**Exercise:** Using the records below, write out only the lines from the line containing "perspectiva de oportunidad" up to and including the line containing "Drei Einsatzautos vom Rettungsdienst Tirol", exactly, with no pictures.

**Raw data:**
[Start of Attachment]
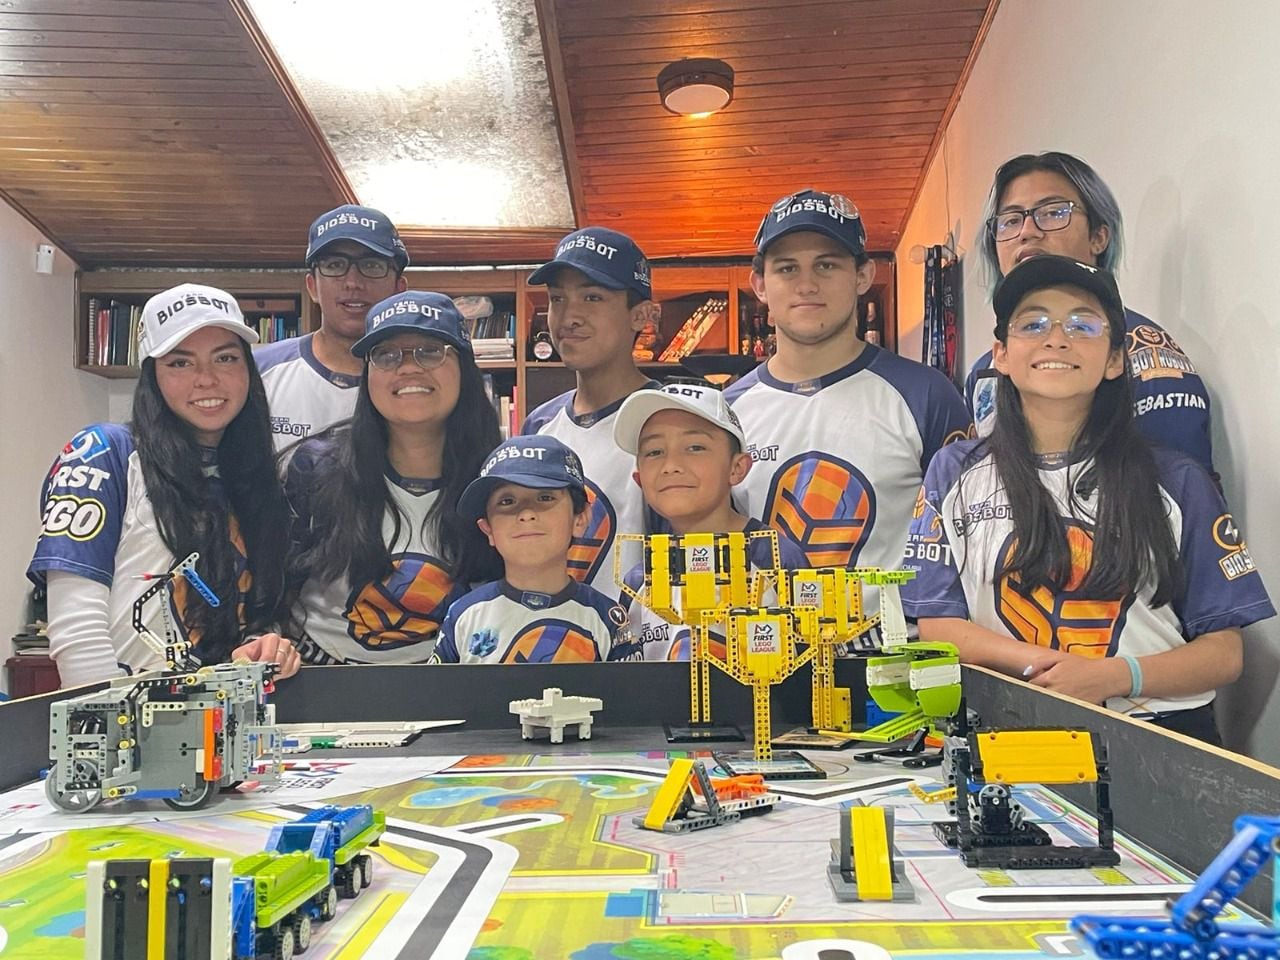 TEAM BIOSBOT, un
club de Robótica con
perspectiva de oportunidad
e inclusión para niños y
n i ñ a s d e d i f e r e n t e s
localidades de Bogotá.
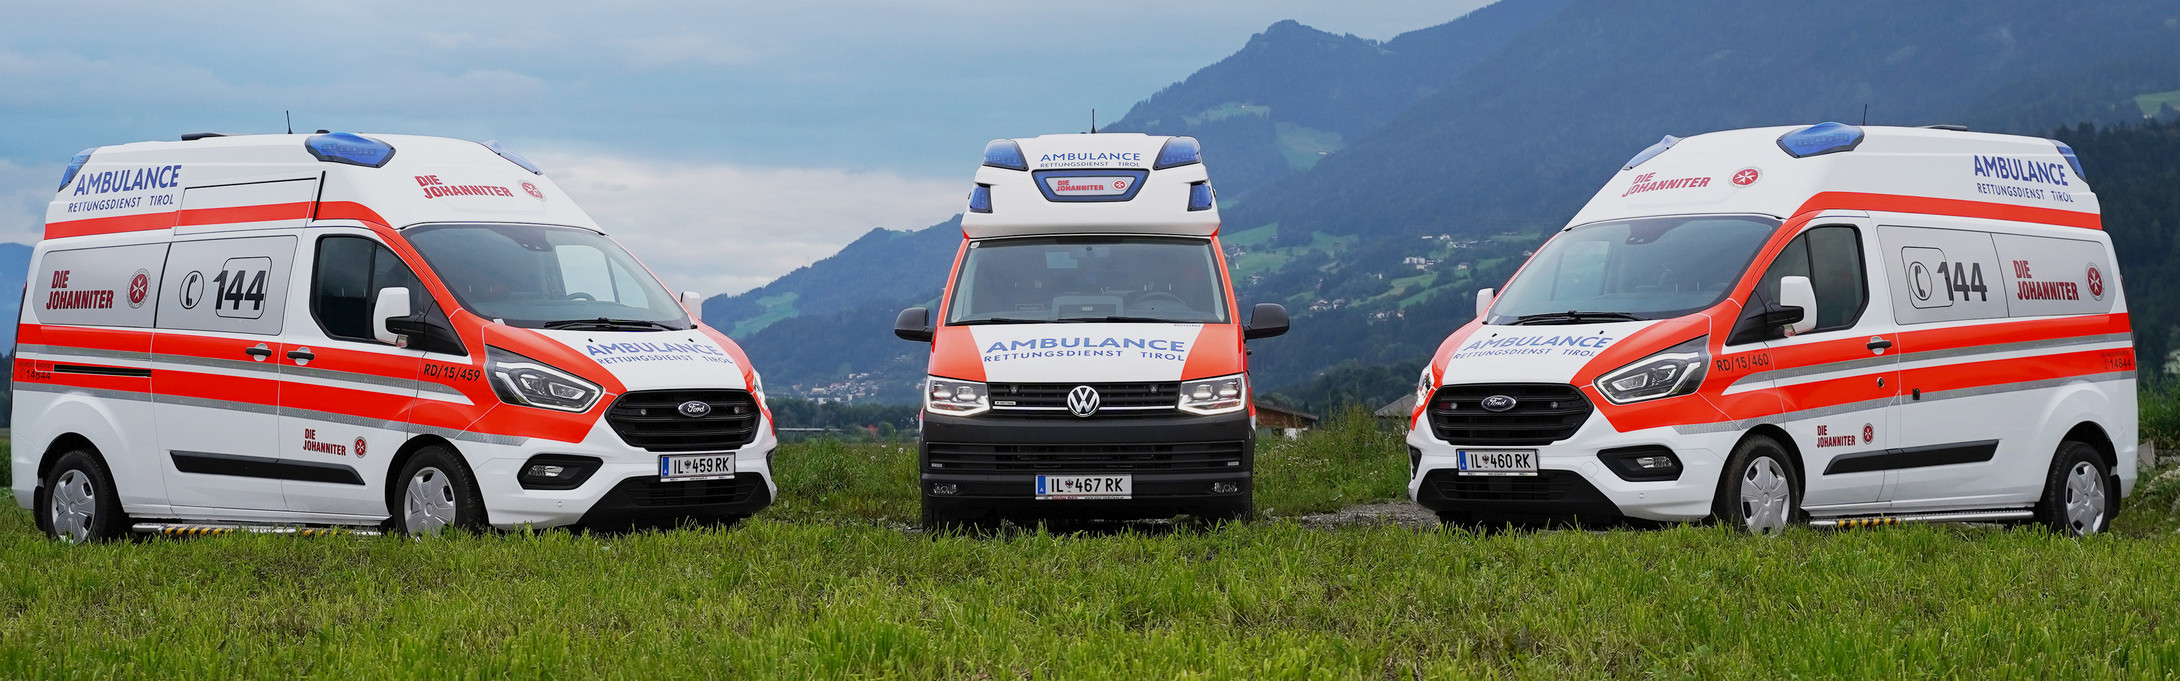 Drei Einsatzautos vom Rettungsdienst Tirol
[End of Attachment]
[Start of Attachment]
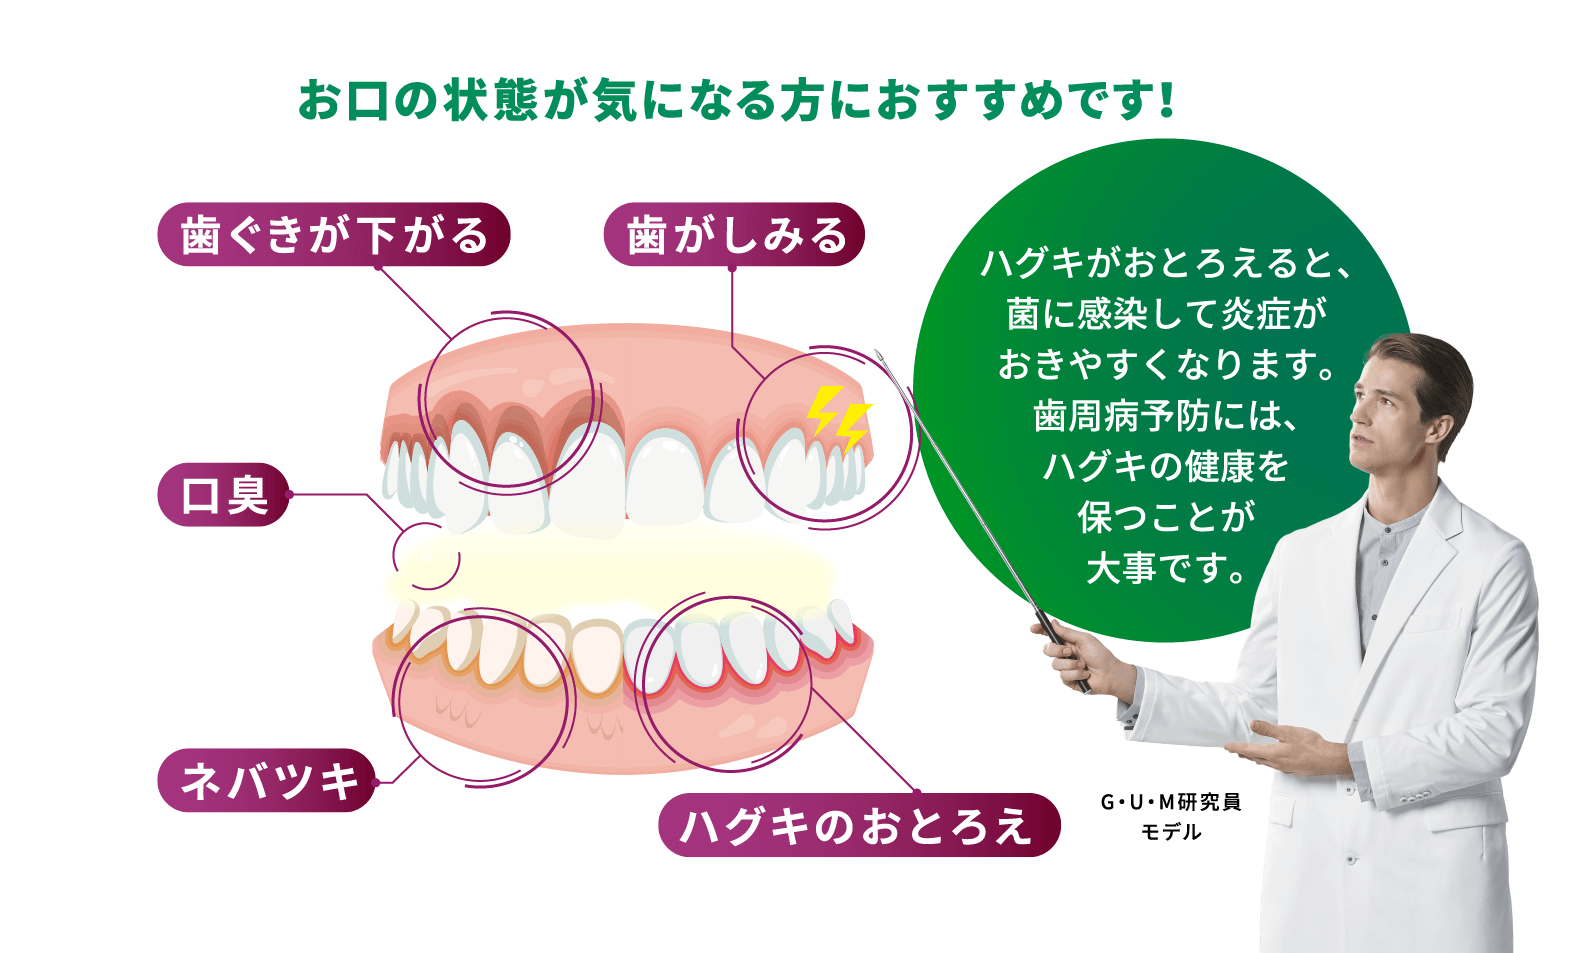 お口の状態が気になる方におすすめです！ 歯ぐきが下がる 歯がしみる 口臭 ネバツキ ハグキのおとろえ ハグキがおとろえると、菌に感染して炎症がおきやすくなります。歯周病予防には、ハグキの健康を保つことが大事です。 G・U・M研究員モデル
[End of Attachment]
**Response for this exercise:**
perspectiva de oportunidad
e inclusión para niños y
n i ñ a s d e d i f e r e n t e s
localidades de Bogotá.
 Drei Einsatzautos vom Rettungsdienst Tirol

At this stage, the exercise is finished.